Kaiser has also been accused of leaning into subcontracting to circumvent unionized workers who are already burnt out.
IT'S HAPPENING: The Kaiser Permanente strike is ON, making today the biggest healthcare strike in American history.
— Dripped Out Trade Unionists (@UnionDrip) October 4, 2023
This is the scene as workers walk in Orange County, CA as workers walk off in Anaheim!@AboutKP: wake up. #United4All #SolidaritySeason #ISupportKaiserWorkers pic.twitter.com/FYyULPaFk5
'For the dollars we bring in'
The president of Kaiser Foundation Health Plan and Hospitals of Southern California and Hawaii, Michelle Gaskill-Hames, told national media that Kaiser still maintains a better worker retention rate than competitors.
“Our focus, for the dollars that we bring in, are to keep them invested in value-based care,” she said, adding: “I think coming out of the pandemic, health care workers have been completely burned out. The trauma that was felt caring for so many COVID patients, and patients that died, was just difficult.”
According to data from the US Centers for Disease Control and Prevention (CDC), frontline healthcare workers experienced the highest death rate during the COVID-19 pandemic, closely followed by food service workers. Both groups were classified as "essential workers" during the lockdowns and were exempt from the restrictions that required everyone else to stay at home to slow the spread of the virus.
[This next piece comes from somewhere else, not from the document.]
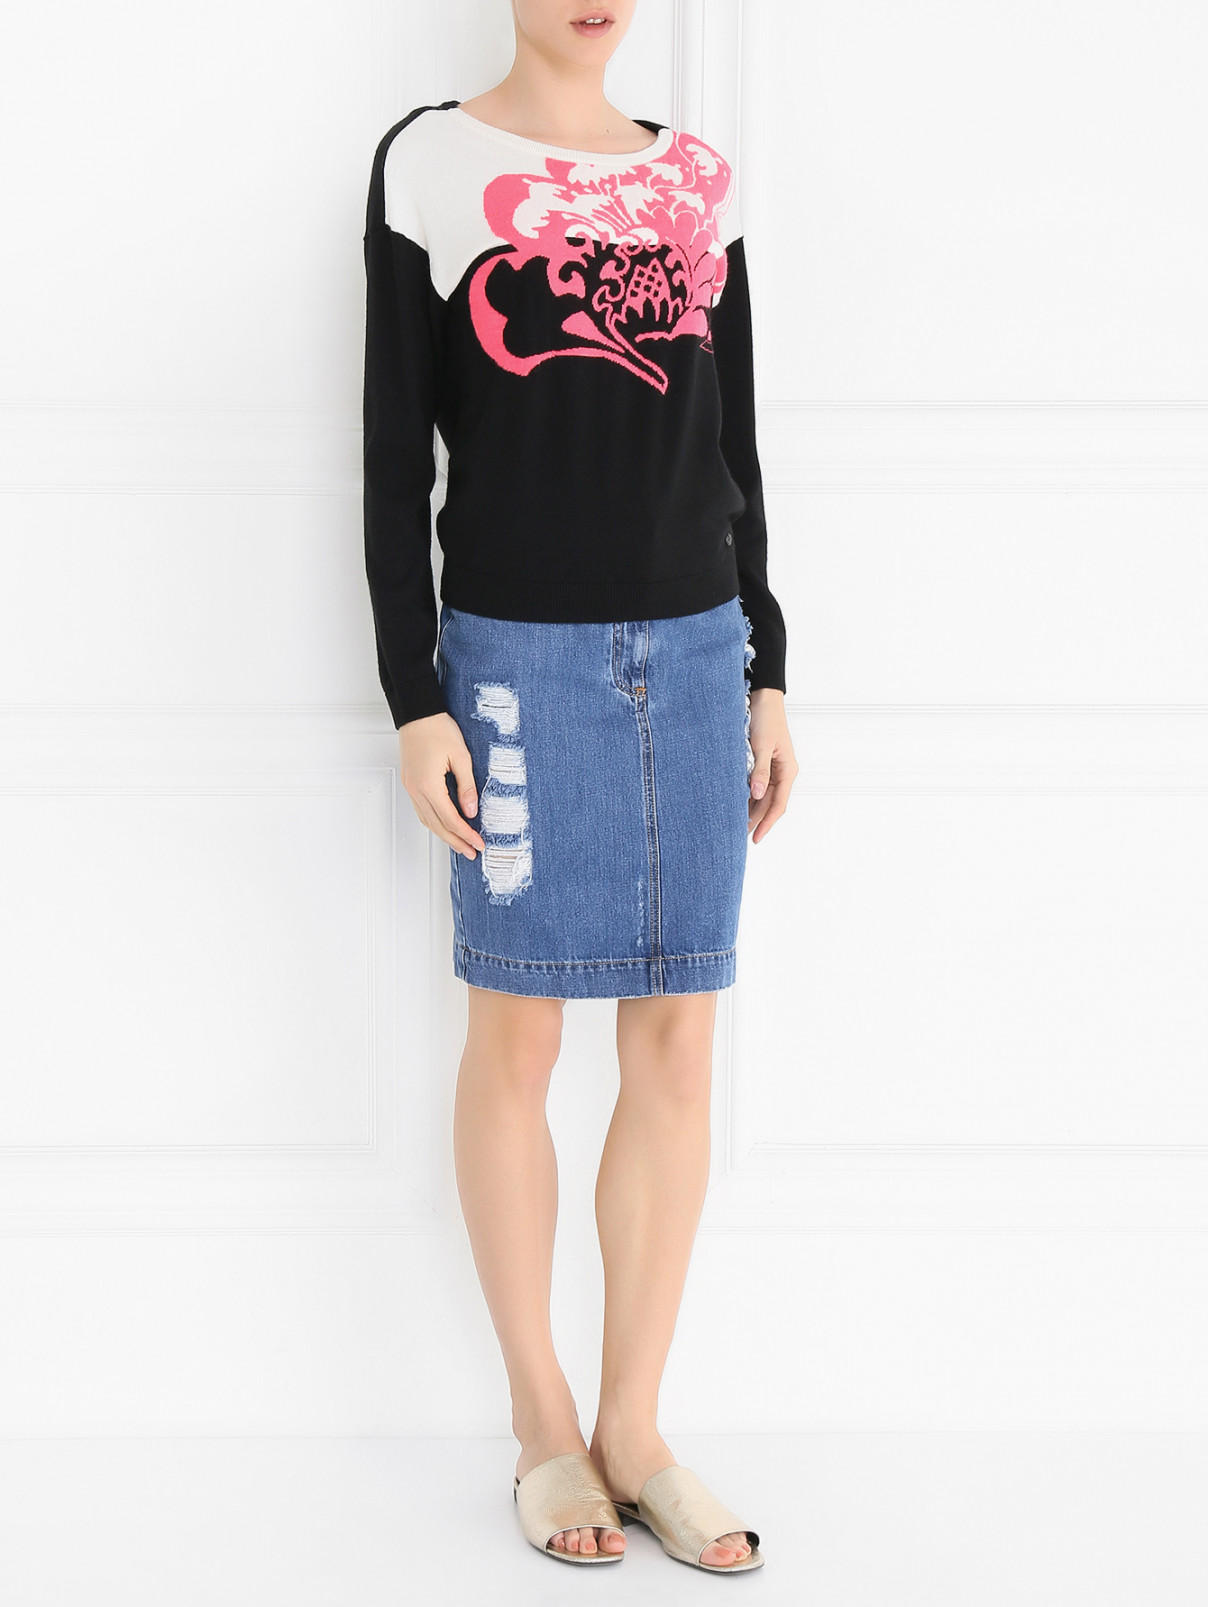 Джемпер с длинным рукавом и контрастным принтом Armani Jeans  –  Модель Общий вид  – Цвет:  Черный

Read more: 'Long Covid': Black women in the US bear the weight of medical racism
Just recently, around 53,000 hospitality workers in the state of Nevada voted to authorize a strike, which comes amid US President Joe Biden calling himself the “most pro-labor president” in US history.
That proves contradictory as Biden joined United Auto Workers members recently, but last year he approved legislative action to prevent railway workers from striking for better safety conditions, and weeks later, the East Palestine train derailment happened that caused a chemical spill compared to the Chernobyl disaster in 1986.